> [DATASET EXTRACT]:
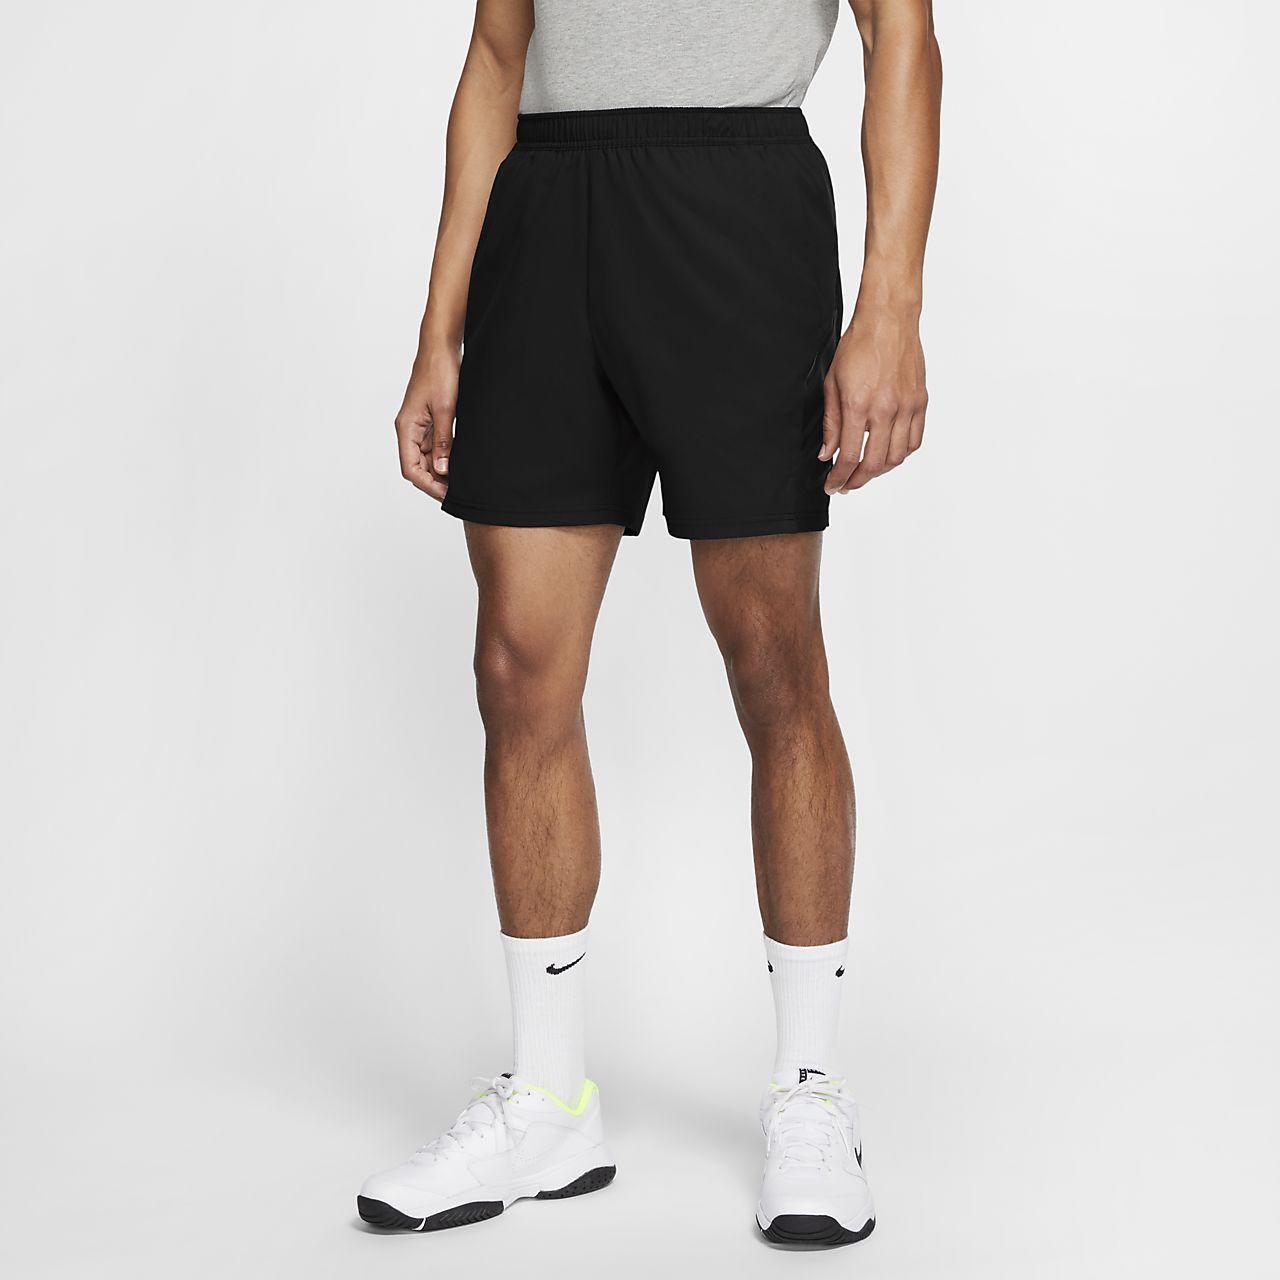 27c22b1ba7b77 nikecourt-dri-fit-tennisshorts-van-18-cm-heren-83Pd8F.jpg
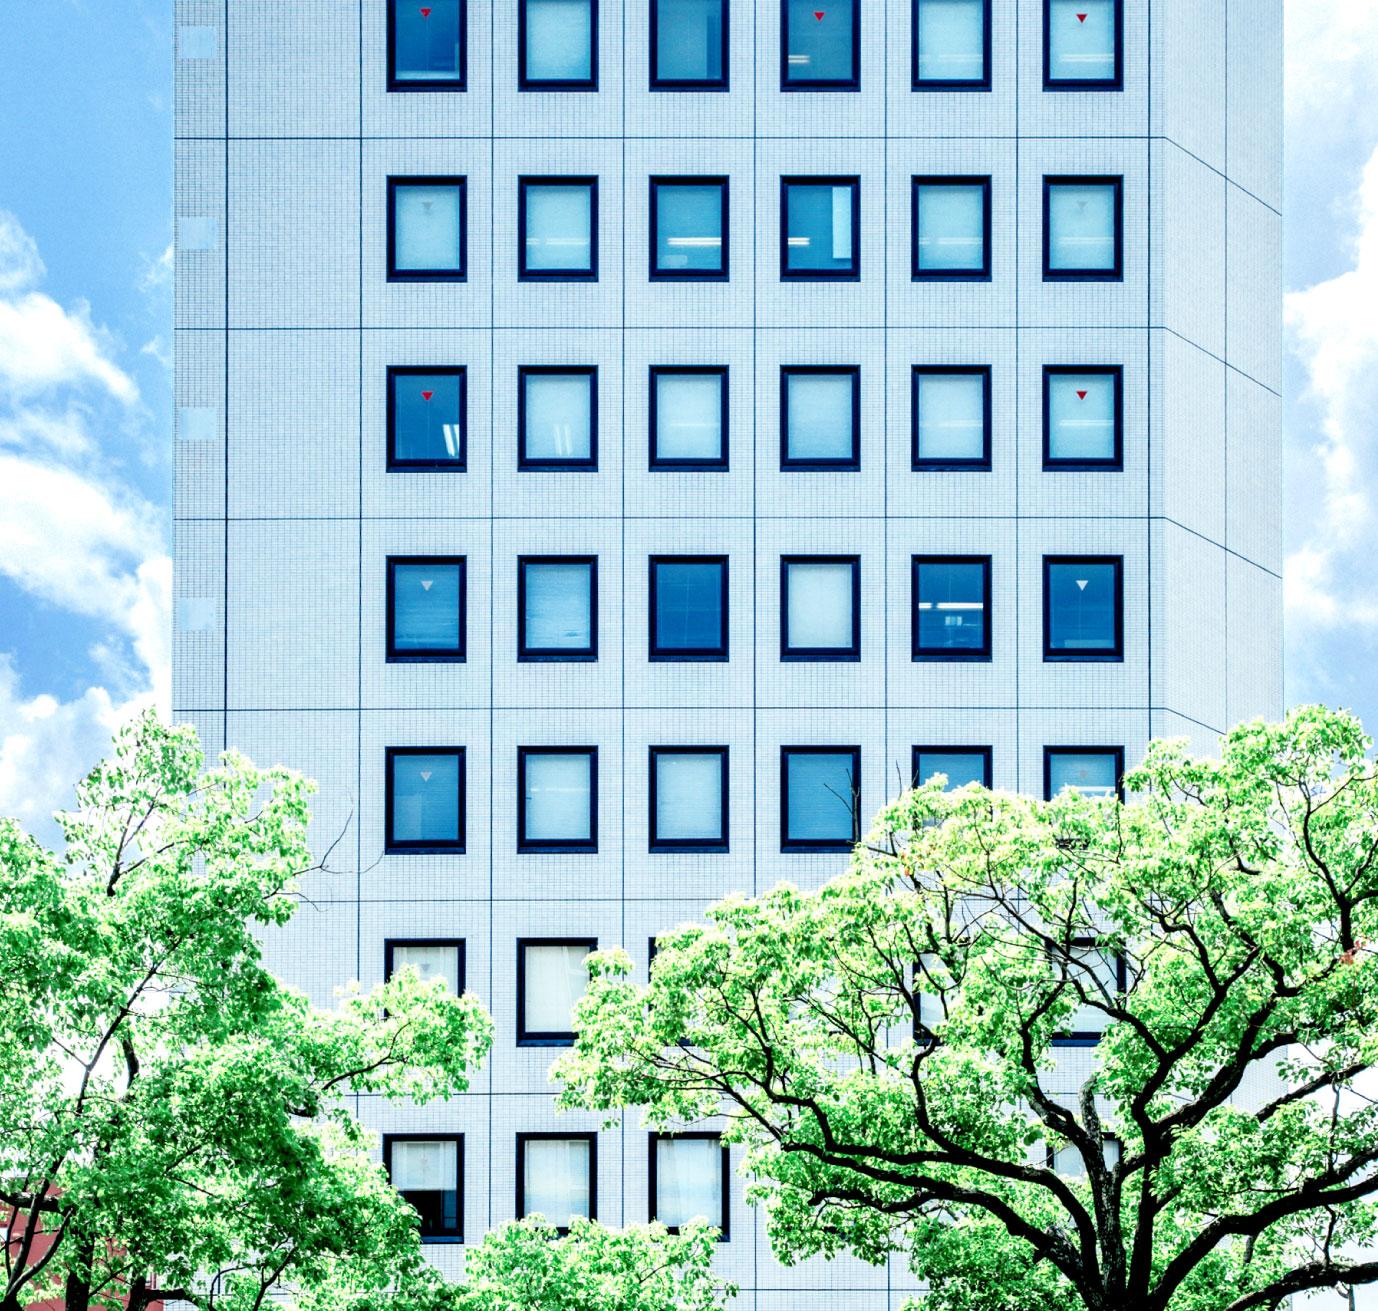 royal tower ロイヤルタワー 広島県広島市南区稲荷町1番1号
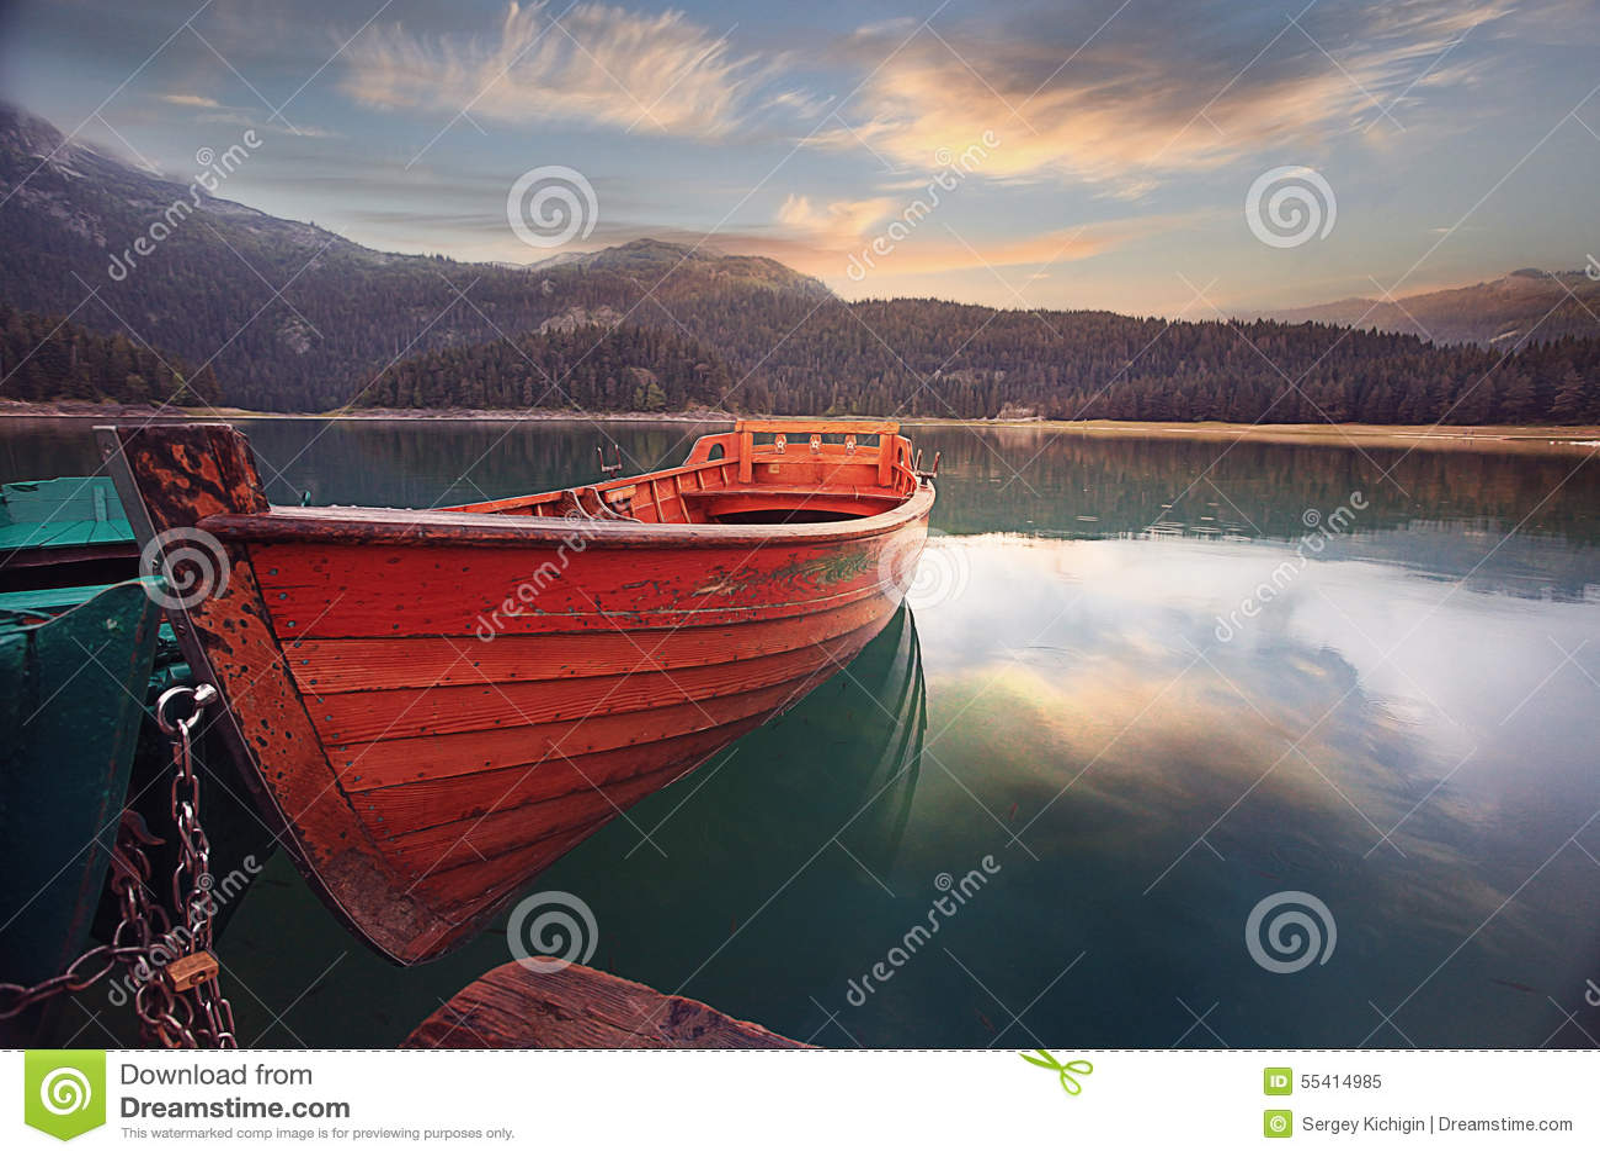 Boat On A Mooring Mountain Lake Stock Image - Image: 55414985
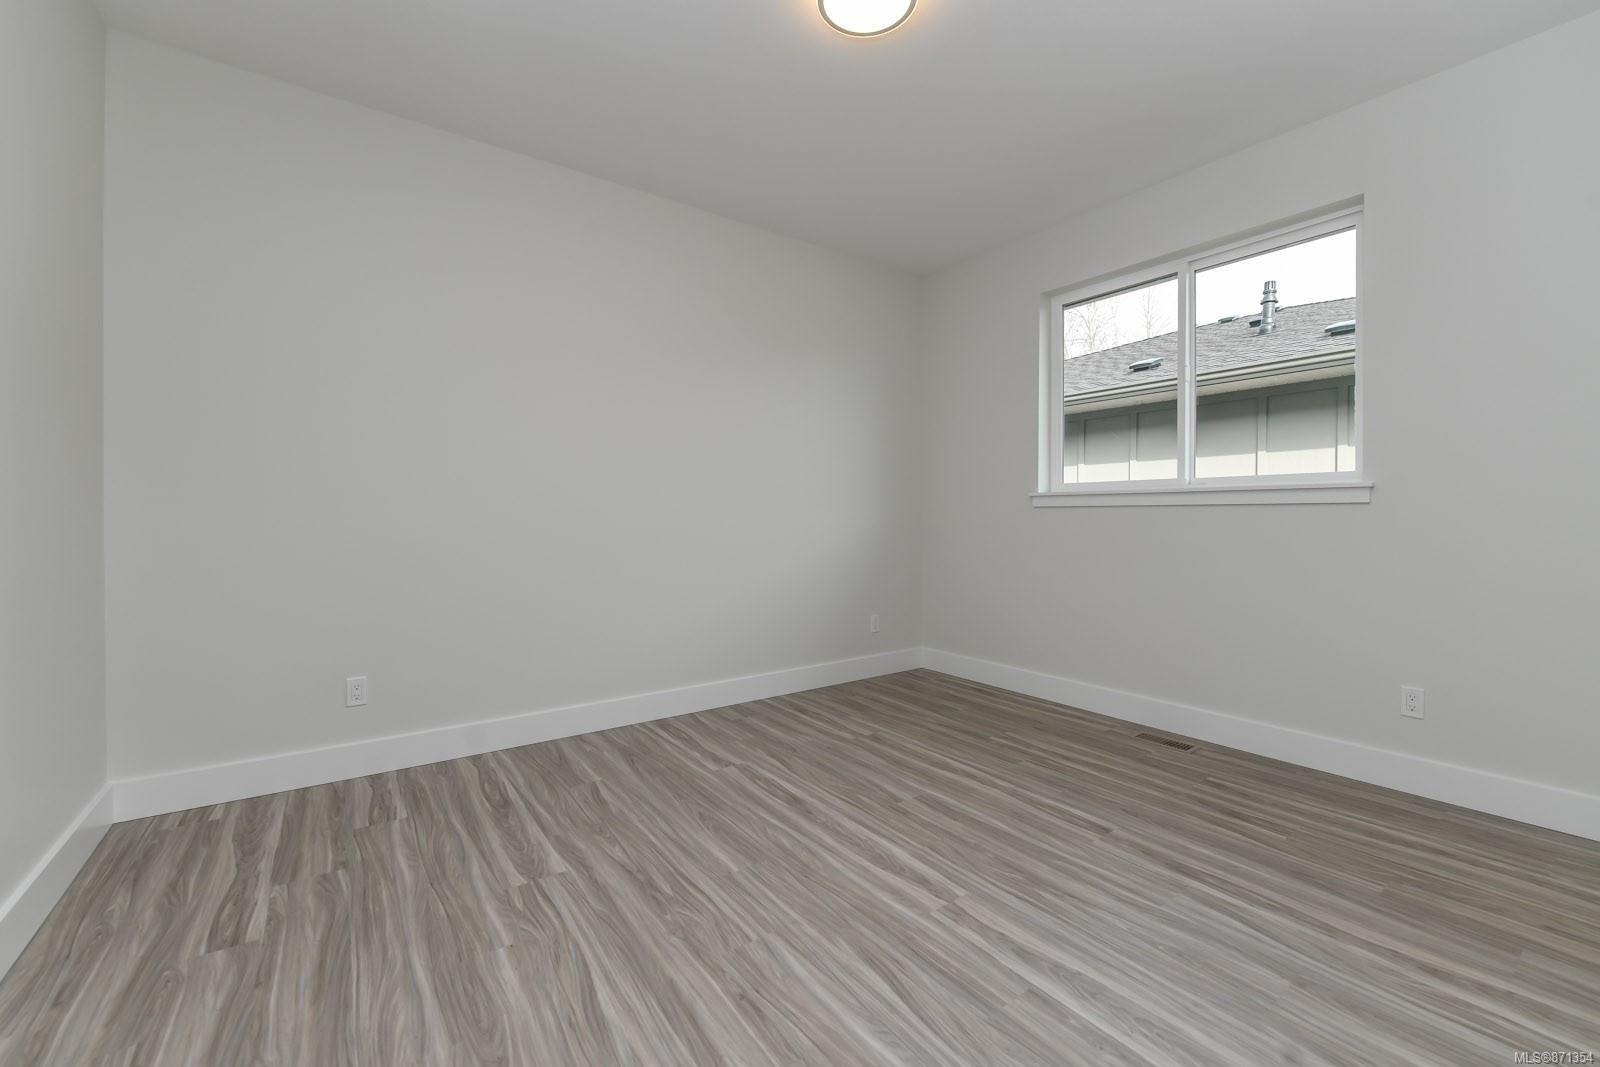 Photo 17: Photos: 68 Grayhawk Pl in : CV Courtenay City House for sale (Comox Valley)  : MLS®# 871354

> [ACTION ITEM]: Every line above is to be written out unchanged, with the pictures omitted.

> [THE ANSWER]:
 27c22b1ba7b77 nikecourt-dri-fit-tennisshorts-van-18-cm-heren-83Pd8F.jpg
 royal tower ロイヤルタワー 広島県広島市南区稲荷町1番1号
 Boat On A Mooring Mountain Lake Stock Image - Image: 55414985
 Photo 17: Photos: 68 Grayhawk Pl in : CV Courtenay City House for sale (Comox Valley)  : MLS®# 871354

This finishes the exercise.